From 1951 to 1953 he lived in Santiago del Estero, a province in the Argentine north-west which had suffered and was still suffering massive ecological damage, mainly overexploitation of the quebracho tree (for its tannin and its hard, durable timber) by a few landowners who exploited their workers. In the following years, Berni's works reflected this natural and social tragedy. In 1955–1956 he painted the series Chaco, depicting the similar situation in Chaco; it was exhibited in Paris, Berlin, Warsaw, Bucharest and Moscow.

By this time he also painted some suburban landscapes, and then he invented two stock characters that would make his works recognizable worldwide, Juanito Laguna and Ramona Montiel.

[edit] Later years

In 1976 Berni went to live in New York City, where he painted, did engraving and collage, and exhibited some works. He painted 58 works that were meant for an exhibit in Texas, but were never displayed there, and were recovered and brought back to Argentina after his death, in 1982. New York struck him as luxurious, consumistic, materially wealthy but spiritually poor. His works showed this with a touch of social irony.

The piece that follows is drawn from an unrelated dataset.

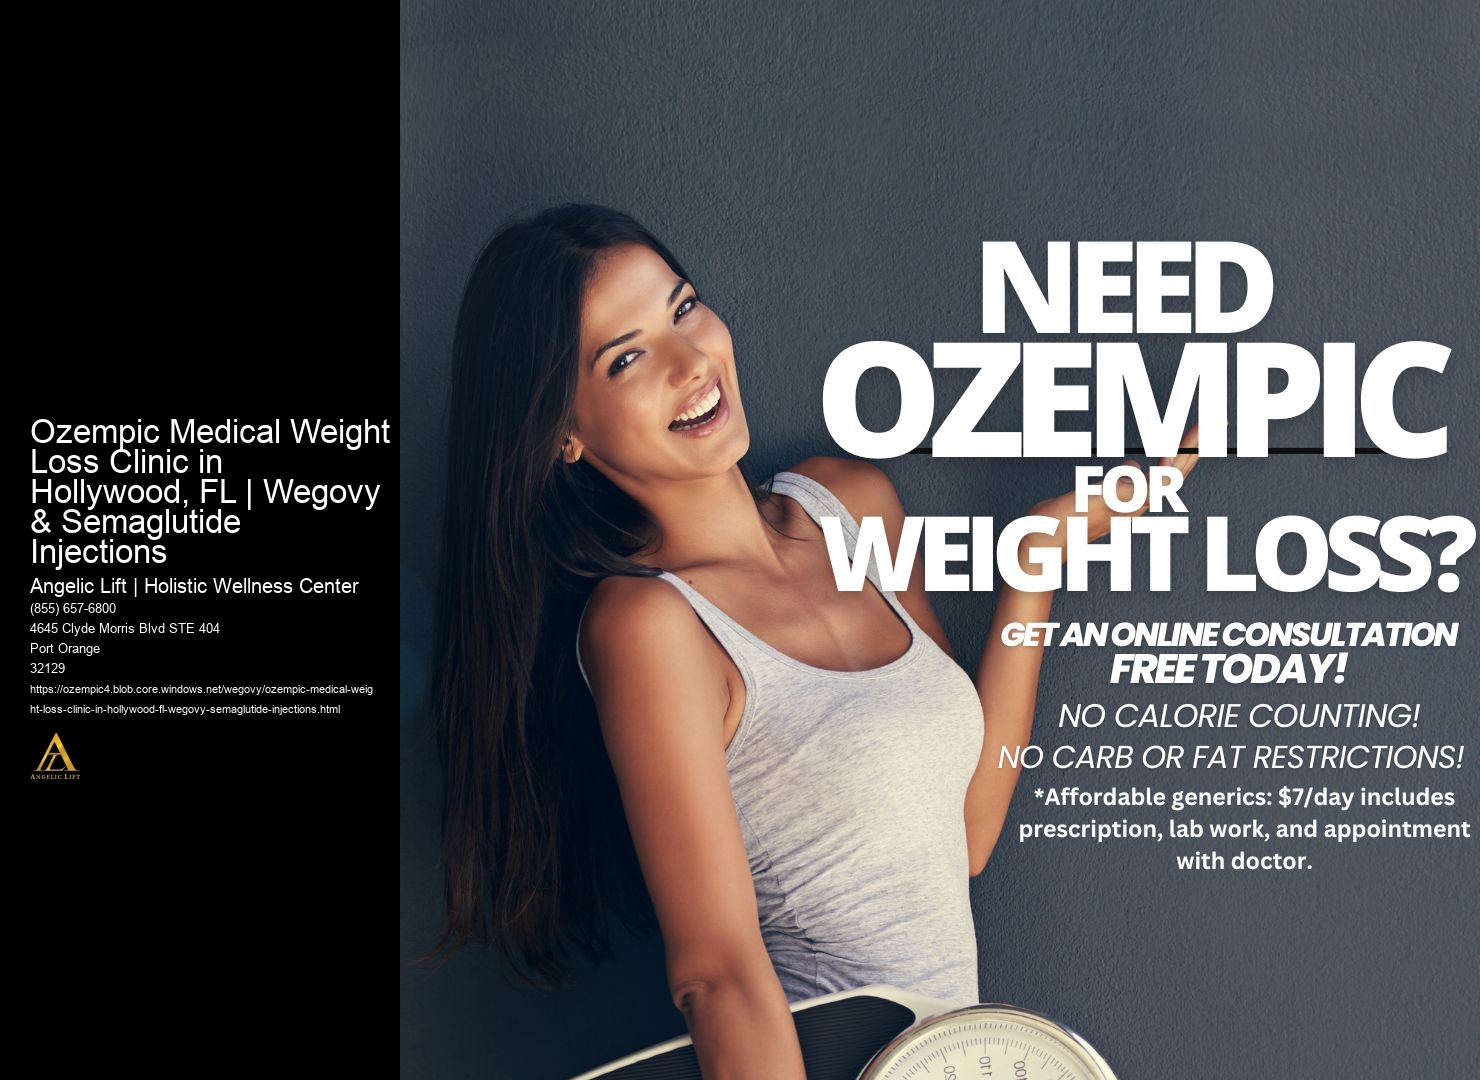 Ozempic Medical Weight Loss Clinic in Hollywood, FL | Wegovy & Semaglutide Injections

In 1981 his paintings became more spiritual and reflective. He painted apocalyptic murals for a chapel in General Las Heras, Buenos Aires; a Cristo en el garage ("Christ in the garage"), and the opposition of nature and humanity through a naked woman lying in the sand under the moon, this harmonious night disturbed by the passing of an airplane. Berni died that same year, on 13 October.